Landscape- vs Gap-level Controls on the Abundance of a Fire-sensitive, Late-successional Tree Species

Abstract

Tsuga heterophylla (western hemlock), a fire-sensitive, late-successional tree species, is an important component of old-growth forests in the Pacific Northwest, USA. In the Oregon Coast Range, however, T. heterophylla occurs at low densities in or is completely absent from many conifer stands. We used a cellular automata-based simulation model to explore the influences of the fire regime and gap disturbances on T. heterophylla dynamics at a landscape scale. The abundance of T. heterophylla in the simulated landscape was particularly sensitive to variation in fire return interval and fire severity. T. heterophylla was less sensitive to canopy gap return interval, probability of recruitment in canopy gaps, and the probability of rare long-distance dispersal events. Relatively short periods of high fire frequency caused a rapid and persistent decline in the amount of T. heterophylla in the landscape.

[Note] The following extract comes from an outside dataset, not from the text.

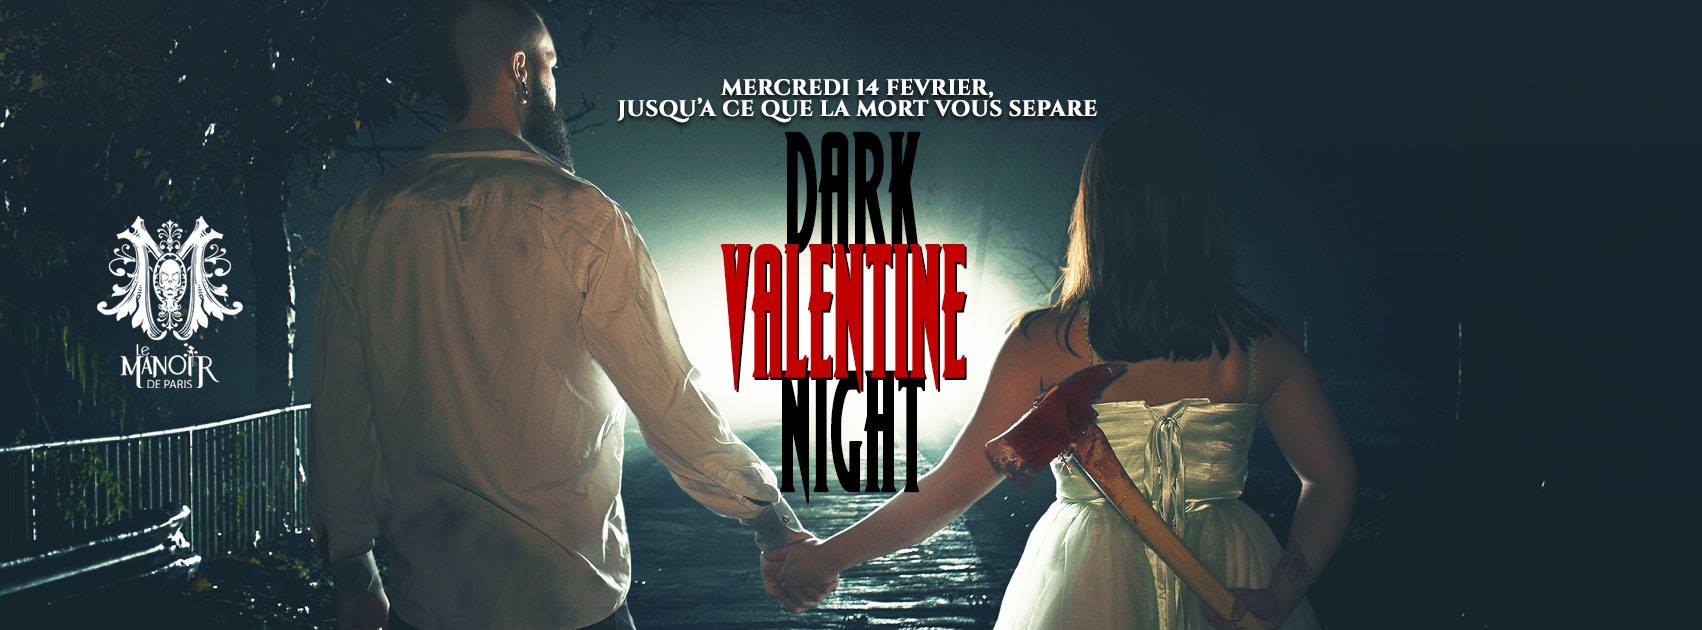 Dark Valentine Night au Manoir de Paris

Based on the simulation results, we propose two new hypotheses. The first is that landscape-level constraints imposed by the frequency, severity, and pattern of wildfires will limit the potential for gap-level processes to affect T. heterophylla regeneration patterns at the landscape scale. The second, related hypothesis is that legacies of cumulative fire effects will have a strong influence on the subsequent development of late-successional forest structure.